Brief →
Word for word, restate all of the records.

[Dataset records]
____________

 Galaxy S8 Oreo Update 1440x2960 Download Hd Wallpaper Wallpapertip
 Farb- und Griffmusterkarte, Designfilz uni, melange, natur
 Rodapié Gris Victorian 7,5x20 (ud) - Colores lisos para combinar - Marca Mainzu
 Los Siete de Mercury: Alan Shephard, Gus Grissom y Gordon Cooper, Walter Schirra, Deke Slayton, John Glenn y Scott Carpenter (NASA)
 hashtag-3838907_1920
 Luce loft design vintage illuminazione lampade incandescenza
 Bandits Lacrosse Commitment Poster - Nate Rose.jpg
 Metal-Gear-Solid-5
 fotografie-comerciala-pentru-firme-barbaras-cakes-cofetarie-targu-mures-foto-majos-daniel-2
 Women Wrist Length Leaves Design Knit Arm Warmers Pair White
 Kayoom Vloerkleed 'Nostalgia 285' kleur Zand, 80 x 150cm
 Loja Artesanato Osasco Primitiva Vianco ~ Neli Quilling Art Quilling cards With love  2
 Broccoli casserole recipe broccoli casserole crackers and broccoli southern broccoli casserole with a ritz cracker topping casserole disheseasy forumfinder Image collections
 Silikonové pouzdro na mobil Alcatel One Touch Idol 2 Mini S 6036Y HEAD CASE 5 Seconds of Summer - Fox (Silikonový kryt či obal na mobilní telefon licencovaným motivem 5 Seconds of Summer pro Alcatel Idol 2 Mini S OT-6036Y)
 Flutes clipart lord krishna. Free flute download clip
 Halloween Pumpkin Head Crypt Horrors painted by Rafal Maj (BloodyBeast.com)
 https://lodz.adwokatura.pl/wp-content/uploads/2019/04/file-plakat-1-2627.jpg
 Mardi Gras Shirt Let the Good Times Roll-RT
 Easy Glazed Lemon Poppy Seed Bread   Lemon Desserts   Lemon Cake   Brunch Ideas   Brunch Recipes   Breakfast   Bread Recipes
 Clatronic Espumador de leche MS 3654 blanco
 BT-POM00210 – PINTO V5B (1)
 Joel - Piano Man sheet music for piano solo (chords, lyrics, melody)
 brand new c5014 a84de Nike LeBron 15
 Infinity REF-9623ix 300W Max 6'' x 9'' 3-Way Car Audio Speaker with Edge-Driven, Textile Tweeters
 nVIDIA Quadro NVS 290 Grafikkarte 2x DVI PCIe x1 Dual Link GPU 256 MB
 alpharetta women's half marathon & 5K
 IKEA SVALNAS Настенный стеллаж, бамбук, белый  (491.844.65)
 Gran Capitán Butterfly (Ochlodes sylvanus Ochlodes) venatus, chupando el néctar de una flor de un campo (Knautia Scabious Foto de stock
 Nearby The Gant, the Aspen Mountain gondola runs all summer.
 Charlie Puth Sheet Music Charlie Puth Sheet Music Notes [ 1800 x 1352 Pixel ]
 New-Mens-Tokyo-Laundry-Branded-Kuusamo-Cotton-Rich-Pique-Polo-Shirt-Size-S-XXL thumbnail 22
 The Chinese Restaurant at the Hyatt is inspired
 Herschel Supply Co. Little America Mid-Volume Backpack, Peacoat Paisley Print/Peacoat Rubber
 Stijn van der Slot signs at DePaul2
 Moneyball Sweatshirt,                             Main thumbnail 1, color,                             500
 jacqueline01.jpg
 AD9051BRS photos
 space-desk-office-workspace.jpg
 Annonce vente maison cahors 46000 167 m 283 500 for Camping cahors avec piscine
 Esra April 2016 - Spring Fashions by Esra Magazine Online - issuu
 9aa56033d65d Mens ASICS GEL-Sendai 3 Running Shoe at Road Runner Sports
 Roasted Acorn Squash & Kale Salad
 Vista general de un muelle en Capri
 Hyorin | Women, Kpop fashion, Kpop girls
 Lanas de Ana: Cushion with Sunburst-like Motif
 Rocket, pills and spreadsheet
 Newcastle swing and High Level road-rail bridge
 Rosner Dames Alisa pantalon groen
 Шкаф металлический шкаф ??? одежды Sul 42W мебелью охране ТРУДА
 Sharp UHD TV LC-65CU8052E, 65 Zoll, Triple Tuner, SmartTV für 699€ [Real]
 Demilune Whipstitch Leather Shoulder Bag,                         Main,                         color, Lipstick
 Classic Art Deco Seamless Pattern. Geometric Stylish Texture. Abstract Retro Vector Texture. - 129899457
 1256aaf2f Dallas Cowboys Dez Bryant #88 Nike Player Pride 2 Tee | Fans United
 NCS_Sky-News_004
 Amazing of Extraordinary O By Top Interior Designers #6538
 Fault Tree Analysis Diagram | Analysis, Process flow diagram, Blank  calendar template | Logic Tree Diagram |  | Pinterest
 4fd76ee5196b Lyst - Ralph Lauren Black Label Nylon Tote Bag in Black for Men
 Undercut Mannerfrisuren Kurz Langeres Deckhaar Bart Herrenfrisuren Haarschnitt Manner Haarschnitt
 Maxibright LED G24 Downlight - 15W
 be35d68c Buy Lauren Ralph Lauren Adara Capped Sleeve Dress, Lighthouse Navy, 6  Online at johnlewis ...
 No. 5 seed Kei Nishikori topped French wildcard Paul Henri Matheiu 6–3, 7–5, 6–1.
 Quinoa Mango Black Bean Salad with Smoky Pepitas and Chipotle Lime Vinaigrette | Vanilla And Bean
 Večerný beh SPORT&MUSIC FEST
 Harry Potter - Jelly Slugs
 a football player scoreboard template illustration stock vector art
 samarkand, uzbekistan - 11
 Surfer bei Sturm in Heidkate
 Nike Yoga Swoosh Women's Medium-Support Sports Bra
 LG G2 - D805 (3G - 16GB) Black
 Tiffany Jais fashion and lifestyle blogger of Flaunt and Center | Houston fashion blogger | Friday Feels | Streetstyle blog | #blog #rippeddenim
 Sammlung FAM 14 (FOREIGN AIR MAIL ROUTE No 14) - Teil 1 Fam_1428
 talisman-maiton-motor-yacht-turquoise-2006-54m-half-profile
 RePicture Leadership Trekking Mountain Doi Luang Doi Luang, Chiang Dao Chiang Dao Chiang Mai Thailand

____________

Expected answer →
 Galaxy S8 Oreo Update 1440x2960 Download Hd Wallpaper Wallpapertip
 Farb- und Griffmusterkarte, Designfilz uni, melange, natur
 Rodapié Gris Victorian 7,5x20 (ud) - Colores lisos para combinar - Marca Mainzu
 Los Siete de Mercury: Alan Shephard, Gus Grissom y Gordon Cooper, Walter Schirra, Deke Slayton, John Glenn y Scott Carpenter (NASA)
 hashtag-3838907_1920
 Luce loft design vintage illuminazione lampade incandescenza
 Bandits Lacrosse Commitment Poster - Nate Rose.jpg
 Metal-Gear-Solid-5
 fotografie-comerciala-pentru-firme-barbaras-cakes-cofetarie-targu-mures-foto-majos-daniel-2
 Women Wrist Length Leaves Design Knit Arm Warmers Pair White
 Kayoom Vloerkleed 'Nostalgia 285' kleur Zand, 80 x 150cm
 Loja Artesanato Osasco Primitiva Vianco ~ Neli Quilling Art Quilling cards With love  2
 Broccoli casserole recipe broccoli casserole crackers and broccoli southern broccoli casserole with a ritz cracker topping casserole disheseasy forumfinder Image collections
 Silikonové pouzdro na mobil Alcatel One Touch Idol 2 Mini S 6036Y HEAD CASE 5 Seconds of Summer - Fox (Silikonový kryt či obal na mobilní telefon licencovaným motivem 5 Seconds of Summer pro Alcatel Idol 2 Mini S OT-6036Y)
 Flutes clipart lord krishna. Free flute download clip
 Halloween Pumpkin Head Crypt Horrors painted by Rafal Maj (BloodyBeast.com)
 https://lodz.adwokatura.pl/wp-content/uploads/2019/04/file-plakat-1-2627.jpg
 Mardi Gras Shirt Let the Good Times Roll-RT
 Easy Glazed Lemon Poppy Seed Bread   Lemon Desserts   Lemon Cake   Brunch Ideas   Brunch Recipes   Breakfast   Bread Recipes
 Clatronic Espumador de leche MS 3654 blanco
 BT-POM00210 – PINTO V5B (1)
 Joel - Piano Man sheet music for piano solo (chords, lyrics, melody)
 brand new c5014 a84de Nike LeBron 15
 Infinity REF-9623ix 300W Max 6'' x 9'' 3-Way Car Audio Speaker with Edge-Driven, Textile Tweeters
 nVIDIA Quadro NVS 290 Grafikkarte 2x DVI PCIe x1 Dual Link GPU 256 MB
 alpharetta women's half marathon & 5K
 IKEA SVALNAS Настенный стеллаж, бамбук, белый  (491.844.65)
 Gran Capitán Butterfly (Ochlodes sylvanus Ochlodes) venatus, chupando el néctar de una flor de un campo (Knautia Scabious Foto de stock
 Nearby The Gant, the Aspen Mountain gondola runs all summer.
 Charlie Puth Sheet Music Charlie Puth Sheet Music Notes [ 1800 x 1352 Pixel ]
 New-Mens-Tokyo-Laundry-Branded-Kuusamo-Cotton-Rich-Pique-Polo-Shirt-Size-S-XXL thumbnail 22
 The Chinese Restaurant at the Hyatt is inspired
 Herschel Supply Co. Little America Mid-Volume Backpack, Peacoat Paisley Print/Peacoat Rubber
 Stijn van der Slot signs at DePaul2
 Moneyball Sweatshirt,                             Main thumbnail 1, color,                             500
 jacqueline01.jpg
 AD9051BRS photos
 space-desk-office-workspace.jpg
 Annonce vente maison cahors 46000 167 m 283 500 for Camping cahors avec piscine
 Esra April 2016 - Spring Fashions by Esra Magazine Online - issuu
 9aa56033d65d Mens ASICS GEL-Sendai 3 Running Shoe at Road Runner Sports
 Roasted Acorn Squash & Kale Salad
 Vista general de un muelle en Capri
 Hyorin | Women, Kpop fashion, Kpop girls
 Lanas de Ana: Cushion with Sunburst-like Motif
 Rocket, pills and spreadsheet
 Newcastle swing and High Level road-rail bridge
 Rosner Dames Alisa pantalon groen
 Шкаф металлический шкаф ??? одежды Sul 42W мебелью охране ТРУДА
 Sharp UHD TV LC-65CU8052E, 65 Zoll, Triple Tuner, SmartTV für 699€ [Real]
 Demilune Whipstitch Leather Shoulder Bag,                         Main,                         color, Lipstick
 Classic Art Deco Seamless Pattern. Geometric Stylish Texture. Abstract Retro Vector Texture. - 129899457
 1256aaf2f Dallas Cowboys Dez Bryant #88 Nike Player Pride 2 Tee | Fans United
 NCS_Sky-News_004
 Amazing of Extraordinary O By Top Interior Designers #6538
 Fault Tree Analysis Diagram | Analysis, Process flow diagram, Blank  calendar template | Logic Tree Diagram |  | Pinterest
 4fd76ee5196b Lyst - Ralph Lauren Black Label Nylon Tote Bag in Black for Men
 Undercut Mannerfrisuren Kurz Langeres Deckhaar Bart Herrenfrisuren Haarschnitt Manner Haarschnitt
 Maxibright LED G24 Downlight - 15W
 be35d68c Buy Lauren Ralph Lauren Adara Capped Sleeve Dress, Lighthouse Navy, 6  Online at johnlewis ...
 No. 5 seed Kei Nishikori topped French wildcard Paul Henri Matheiu 6–3, 7–5, 6–1.
 Quinoa Mango Black Bean Salad with Smoky Pepitas and Chipotle Lime Vinaigrette | Vanilla And Bean
 Večerný beh SPORT&MUSIC FEST
 Harry Potter - Jelly Slugs
 a football player scoreboard template illustration stock vector art
 samarkand, uzbekistan - 11
 Surfer bei Sturm in Heidkate
 Nike Yoga Swoosh Women's Medium-Support Sports Bra
 LG G2 - D805 (3G - 16GB) Black
 Tiffany Jais fashion and lifestyle blogger of Flaunt and Center | Houston fashion blogger | Friday Feels | Streetstyle blog | #blog #rippeddenim
 Sammlung FAM 14 (FOREIGN AIR MAIL ROUTE No 14) - Teil 1 Fam_1428
 talisman-maiton-motor-yacht-turquoise-2006-54m-half-profile
 RePicture Leadership Trekking Mountain Doi Luang Doi Luang, Chiang Dao Chiang Dao Chiang Mai Thailand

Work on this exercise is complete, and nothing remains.